Pour Soetsu Yanagi, l'ami du potier Bernard Leach (1887-1979), un critère important de la beauté d'un objet est son utilité. La beauté ne saurait pas simplement être esthétique, mais elle se doit aussi d'être pratique. Avant d'apprécier ses formes, ses couleurs, on apprécie surtout l'aide que cet objet nous apporte, la manière dont il remplit sa fonction avec brio. Soetsu Yanagi développe cette reflexion dans 'the unknown craftsman, a Japanese insight into beauty'.
Dans ce livre, il est beaucoup question de thé, car c'est l'activité Japonaise par excellence qui fait appel à des objets artisanaux à la fois pour leur beauté et leur utilité. En effet, la raison d'être du thé, c'est d'être dégusté, pas d'être collectionné comme une oeuvre d'art!
Il y a quelque chose de très moderne et d'écolo dans cette pensée: au lieu de créer des objets d'art beaux mais inutiles, les artistes devraient surtout créer des objets utiles et beaux! Ainsi, notre vie se trouverait à la fois embellie et facilitée!
Dans cet esprit, un accessoire qui reste toujours dans le placard ou sur son étagère, c'est un objet qui n'existe pas car il ne nous rend jamais service. Pareillement, un thé qu'on garde indéfiniment dans une jarre ou un sachet, c'est un thé qui n'existe pas pour nous! La beauté d'un accessoire ou d'un thé est affaire d'expérience, de sensations et de souvenirs.
Et c'est cela qui est sympa avec un Oolong torréfié traditionnel: on peut le déguster sur de nombreuses années et suivre son évolution. Le thé devient un compagnon vivant avec lequel on va jouer pour obtenir des arômes raffinés! Ici, j'ai préparé une Beauté Orientale de Hsin Chu d'automne 2010. Cet Oolong commence à développer des senteurs un peu boisées et âgées en plus de ses notes fruitées et mielleuses.
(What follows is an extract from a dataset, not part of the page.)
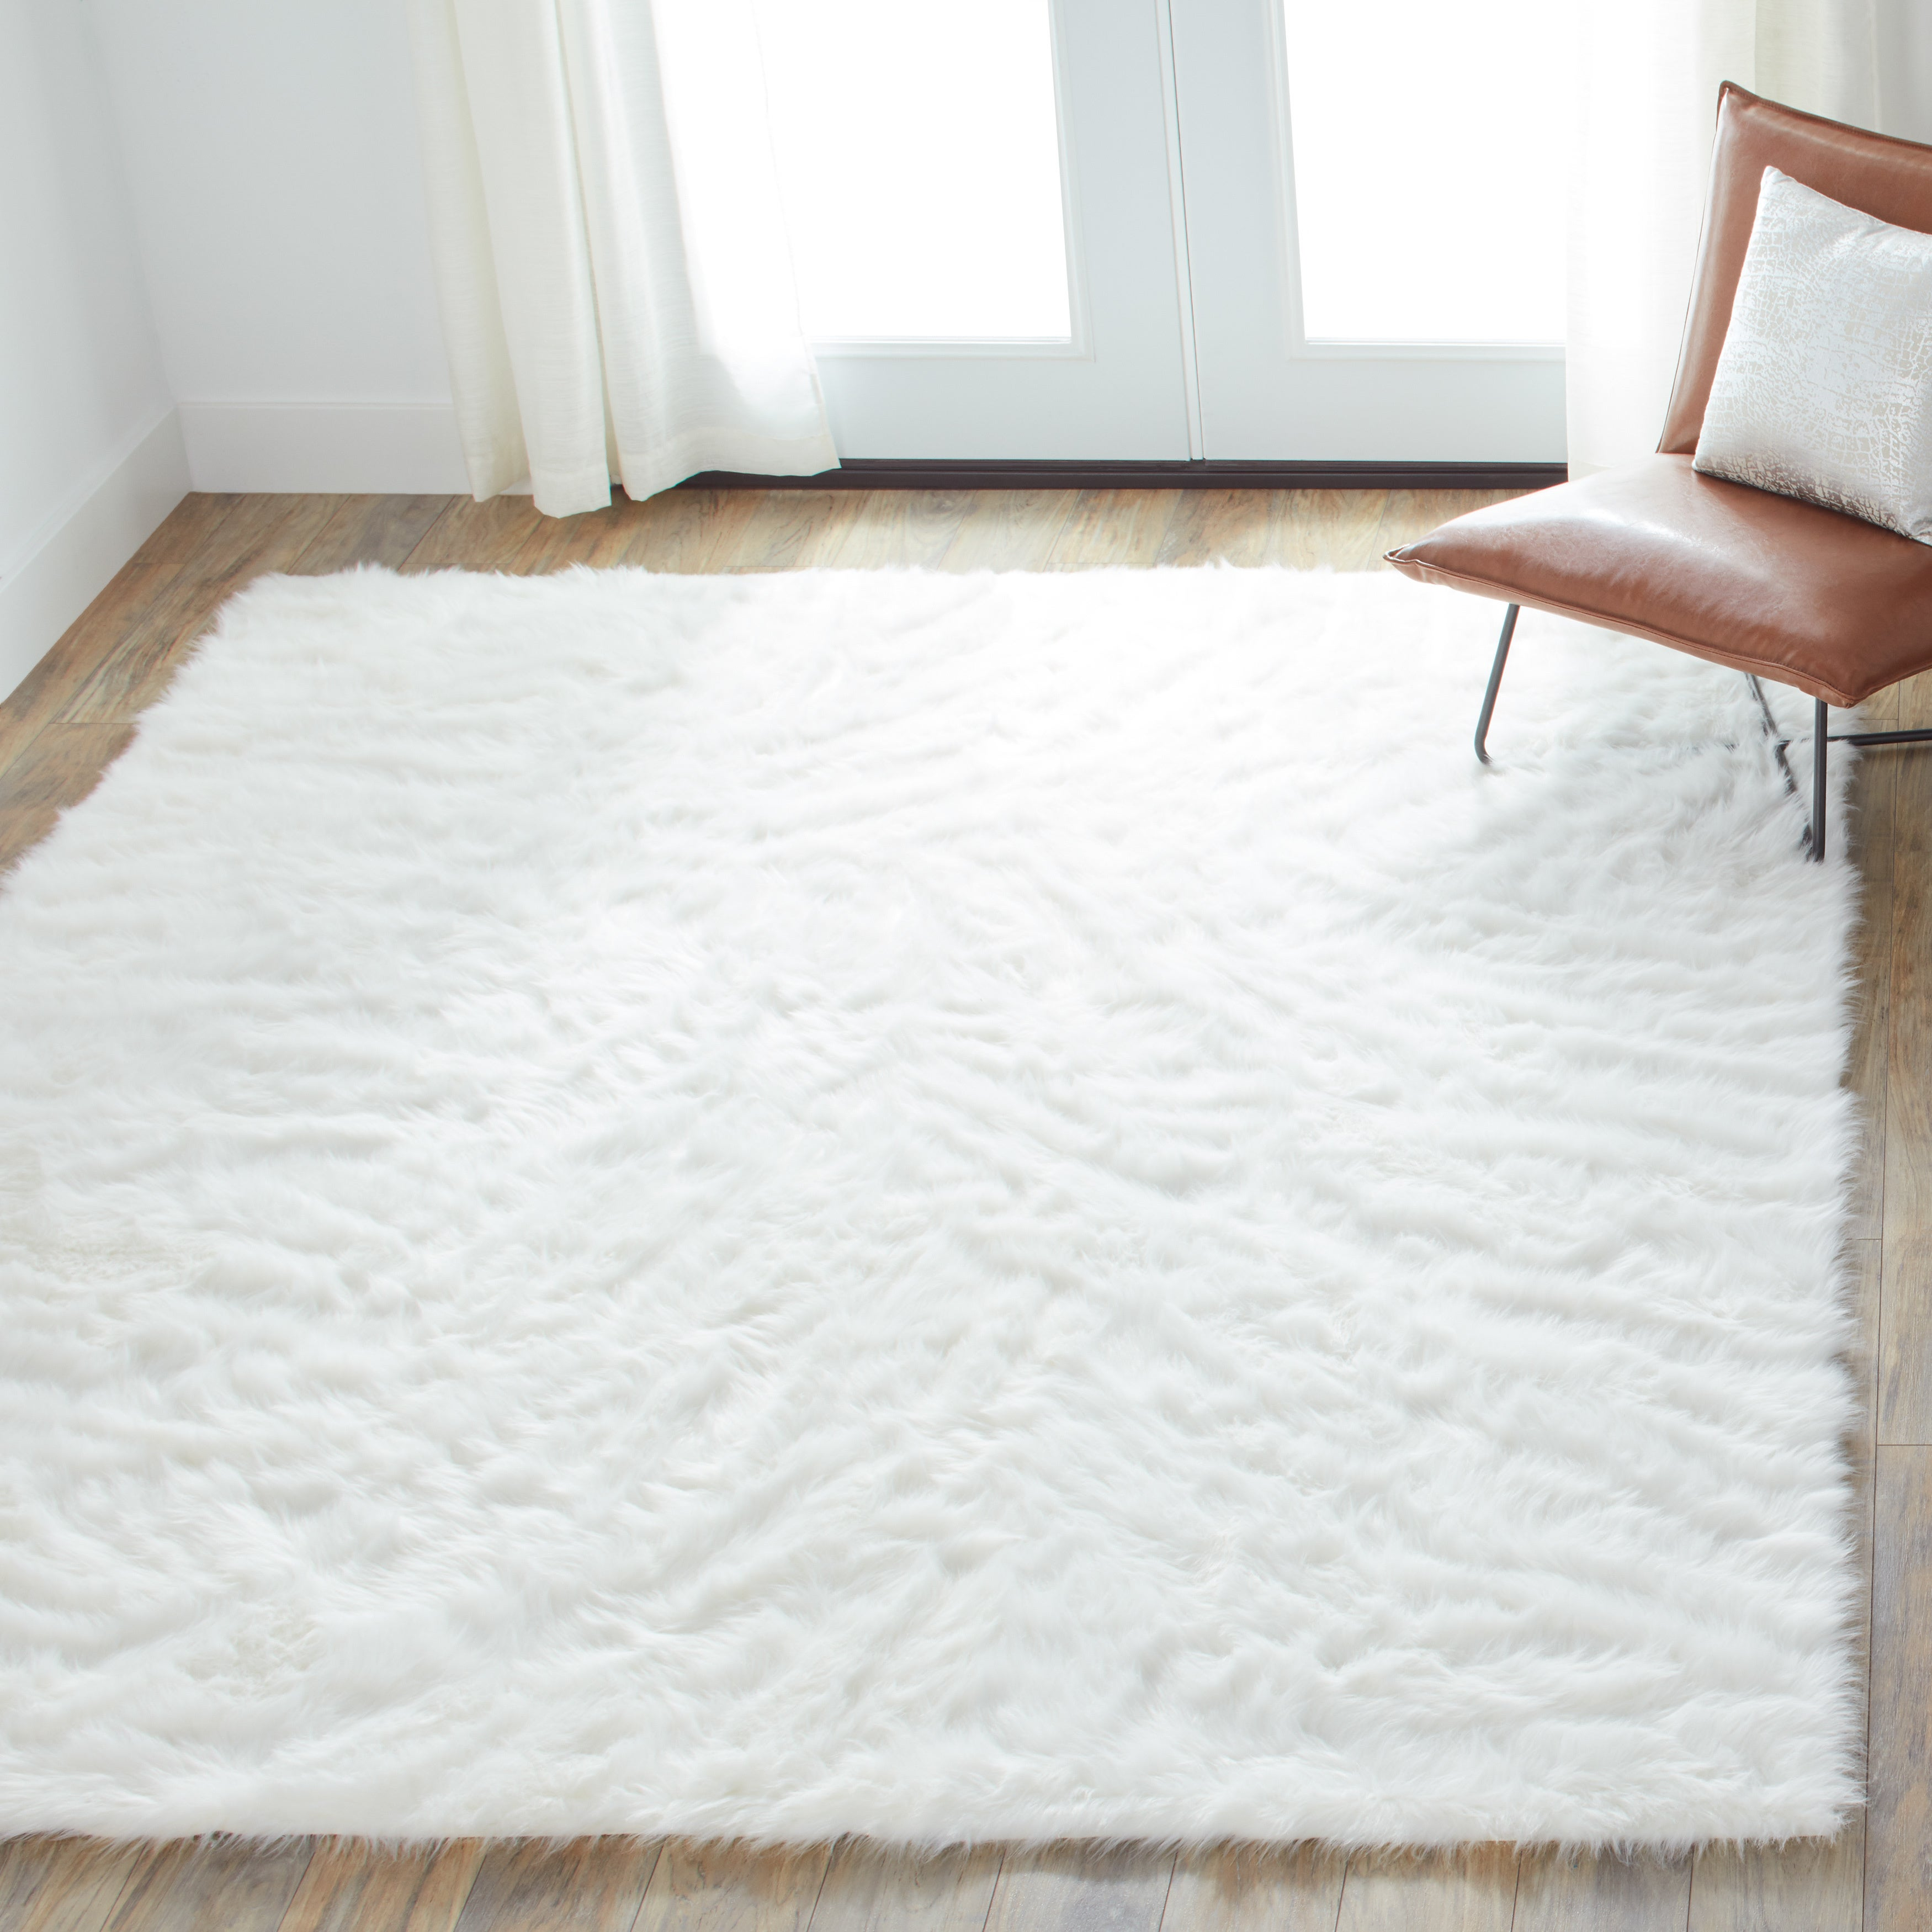 Shop Strick Bolton Verna Faux Sheepskin Ivory White Shag Area Rug

J'ai récemment appris que les Oolongs Beautés Orientales sont souvent au menu des diners d'inauguration des présidents de la République de Chine (= Taiwan). Ces diners officiels sont l'occasion pour le président entrant de montrer son attachement au terroir de Formose en utilisant les produits locaux. Or, si l'on choisit plutôt la Beauté Orientale qu'un Dong Ding ou un Gao Shan, c'est surtout car ce thé fortement oxydé a des arômes généreux, et qu'avec sa torréfaction, il a une bonne longueur en bouche. Le tout permet de réaliser de jolis mariages entre mets et thé.
Pouvoir utiliser un thé lors d'un Chaxi et lors des repas ajoute à son utilité, et donc, comme dirait Yanagi, à sa beauté! Et si en plus on le prépare un tant soit peu avec de bons accessoires et des couleurs harmonieuses, c'est le bonheur! Un gaiwan facile à manipuler est alors un excellent exemple de beauté fonctionnelle.
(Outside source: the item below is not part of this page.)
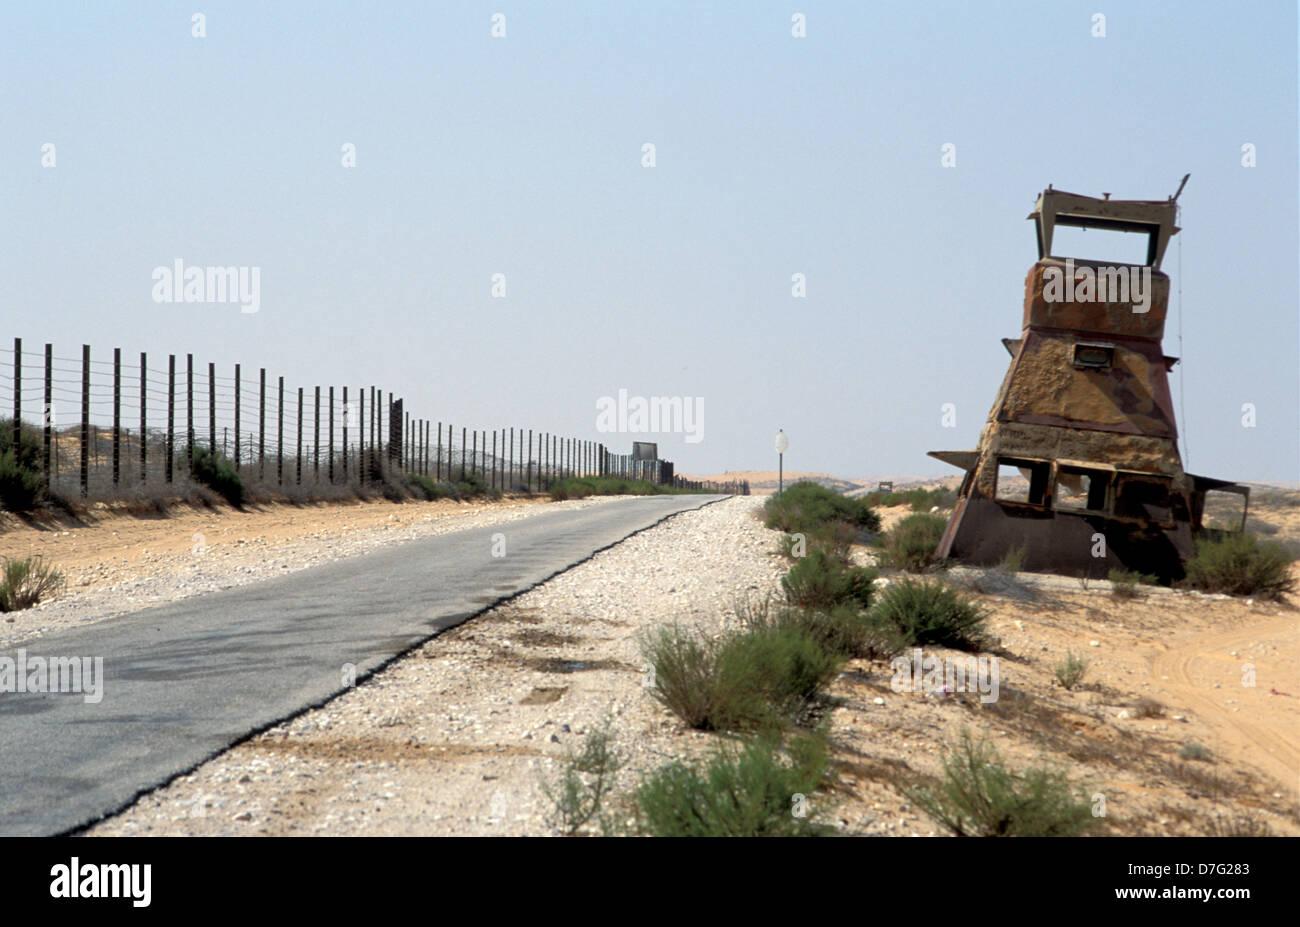 road number 10 along the border with egypt near kadesh barnea - Stock Image

Juin est la saison phare pour la récolte des Beautés Orientales. Mais leur production va se prolonger tout l'été, car elle requiert une torréfaction attentive pour les parachever et bien les affiner. Il n'est pas nécessaire de se précipiter sur les nouvelles feuilles quand celles de 2010 sont si bonnes! La vraie beauté est pérenne. Elle ne connait pas les modes.
La beauté du thé dépasse sa dimension esthétique. La reflexion de Soetsu Yanagi nous entraine à des niveaux bien plus profonds et pour chaque objet du Chaxi on peut à la fois se poser la question de sa beauté, de son utilité et de sa relation avec les autres accessoires. Le tout est-il harmonieux? A-t-on fait honneur au thé et à la vie? La beauté de cet instant ne nous est-elle pas aussi utile pour nous donner envie de vivre?